Directions
Transcribe the whole listing exactly, but do not carry over its pictures.

Data excerpt
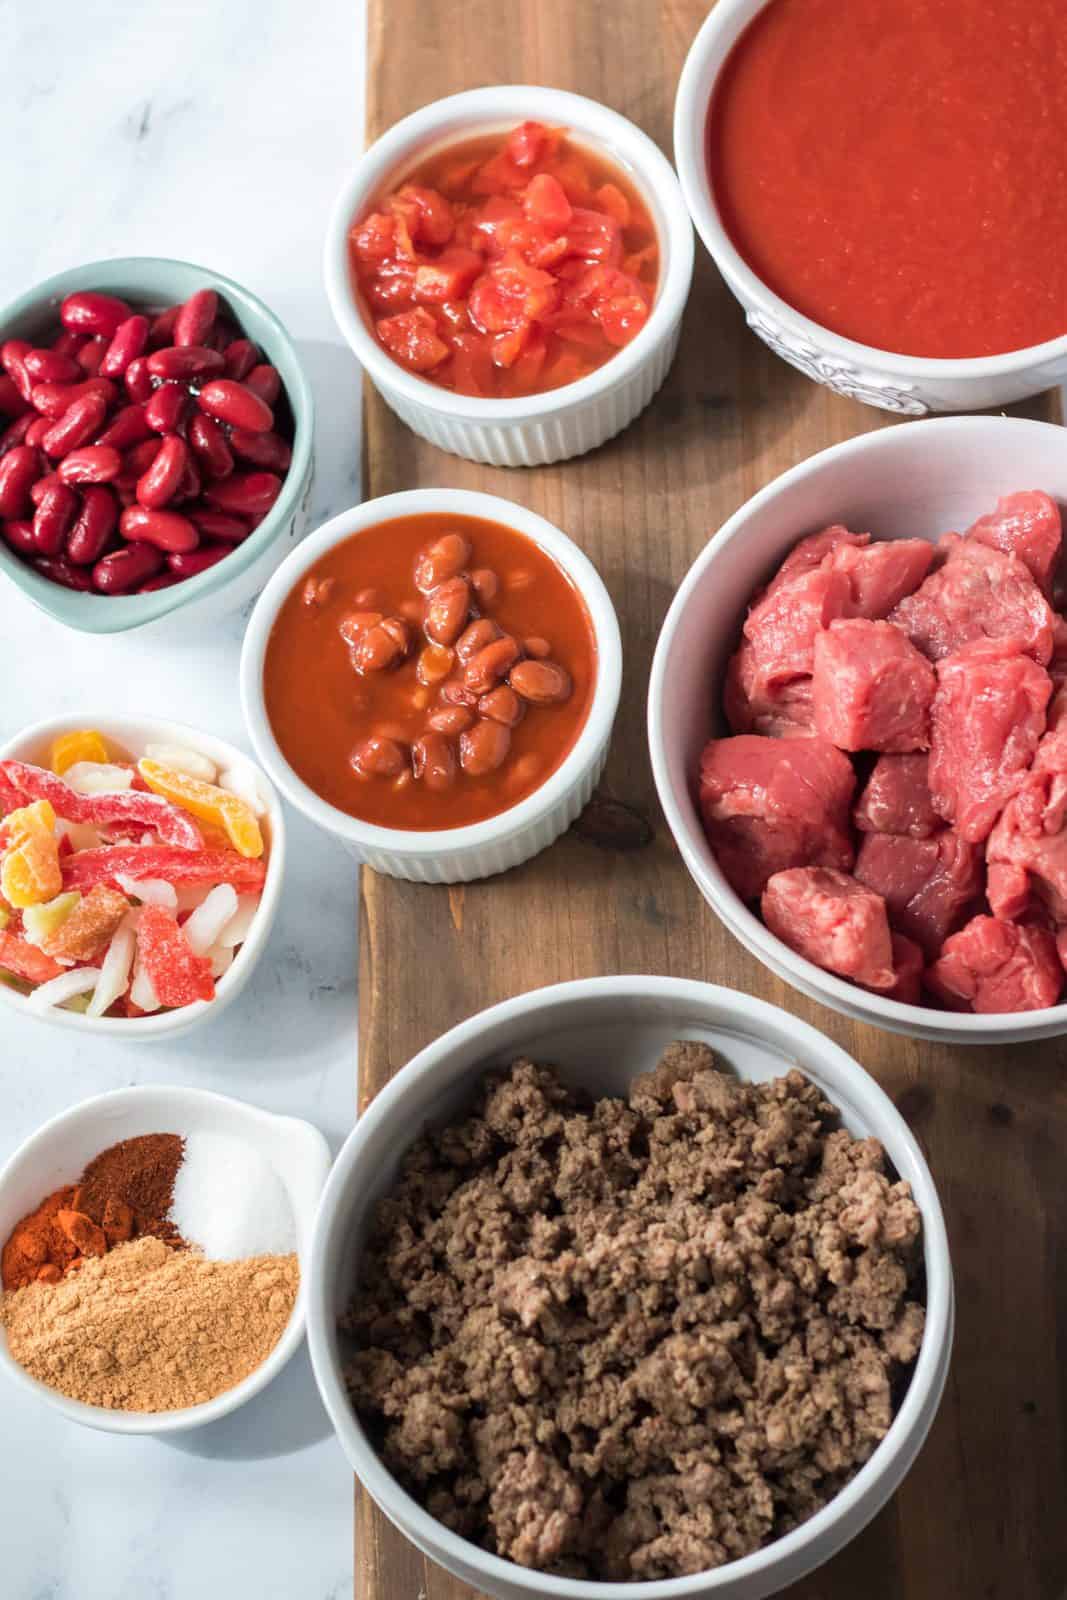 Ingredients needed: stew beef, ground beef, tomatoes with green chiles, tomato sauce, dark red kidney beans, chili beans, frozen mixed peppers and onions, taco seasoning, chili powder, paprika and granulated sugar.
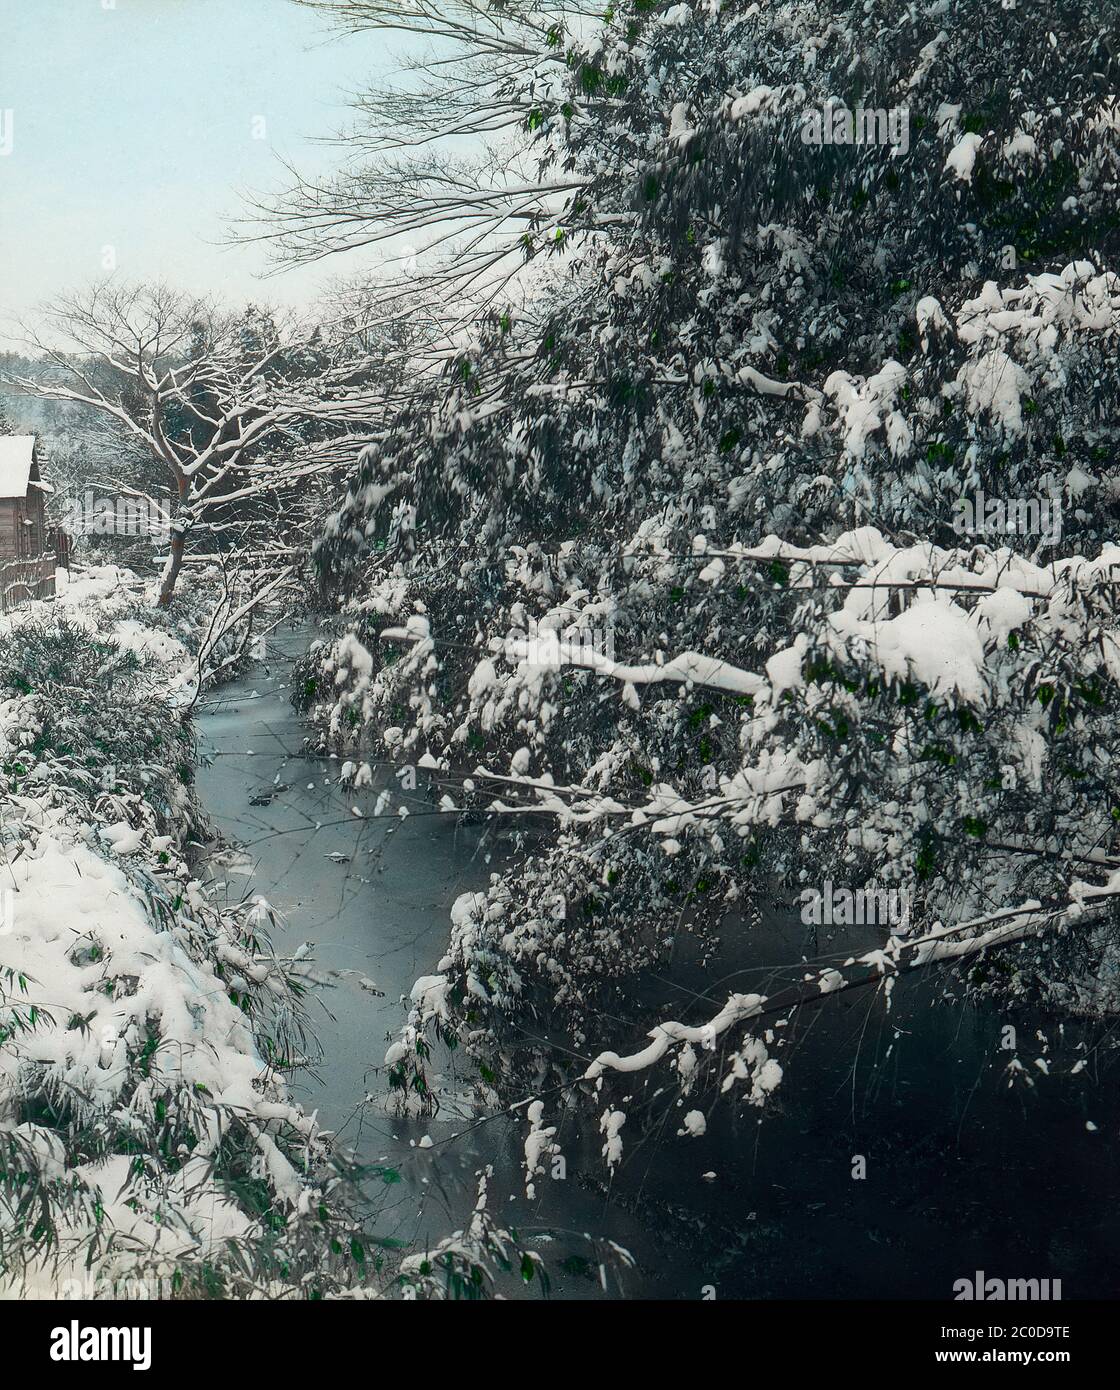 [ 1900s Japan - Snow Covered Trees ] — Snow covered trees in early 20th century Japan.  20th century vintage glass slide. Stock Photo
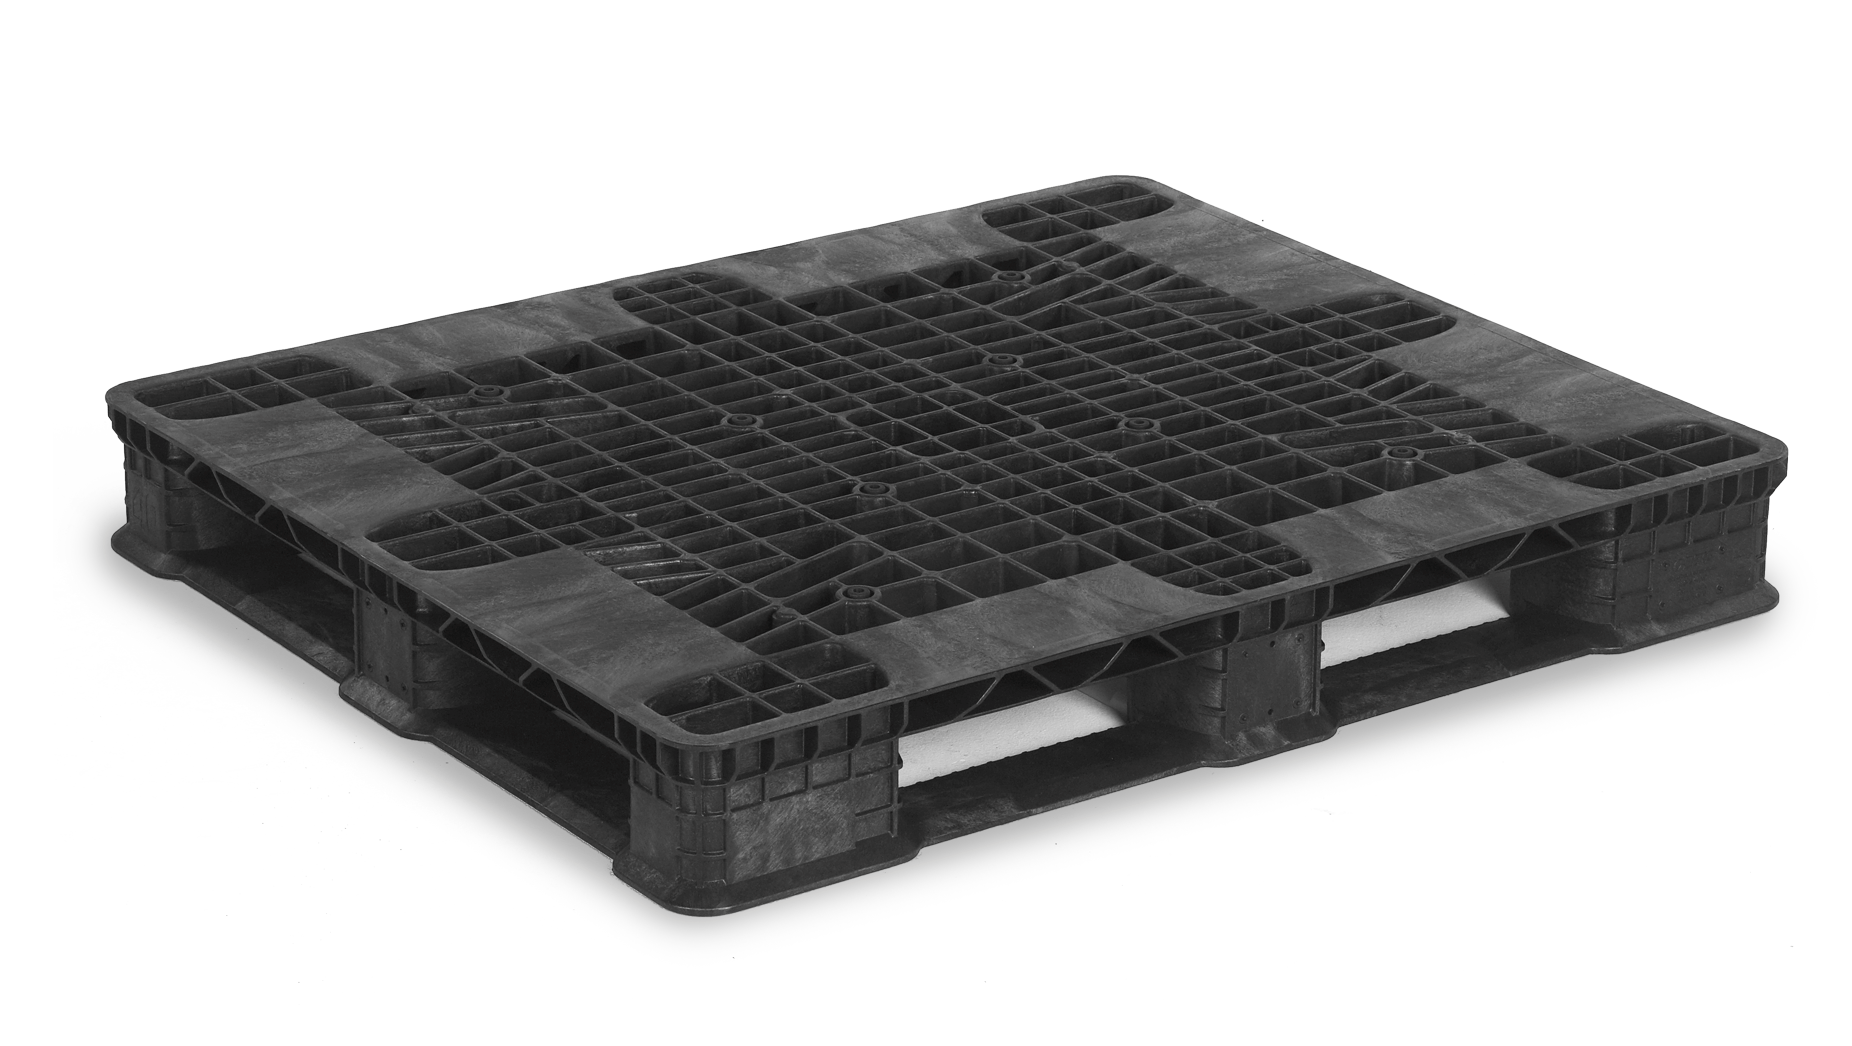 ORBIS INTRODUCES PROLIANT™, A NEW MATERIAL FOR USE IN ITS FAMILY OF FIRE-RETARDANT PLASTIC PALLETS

Result for this task
 Ingredients needed: stew beef, ground beef, tomatoes with green chiles, tomato sauce, dark red kidney beans, chili beans, frozen mixed peppers and onions, taco seasoning, chili powder, paprika and granulated sugar.
 [ 1900s Japan - Snow Covered Trees ] — Snow covered trees in early 20th century Japan.  20th century vintage glass slide. Stock Photo
 ORBIS INTRODUCES PROLIANT™, A NEW MATERIAL FOR USE IN ITS FAMILY OF FIRE-RETARDANT PLASTIC PALLETS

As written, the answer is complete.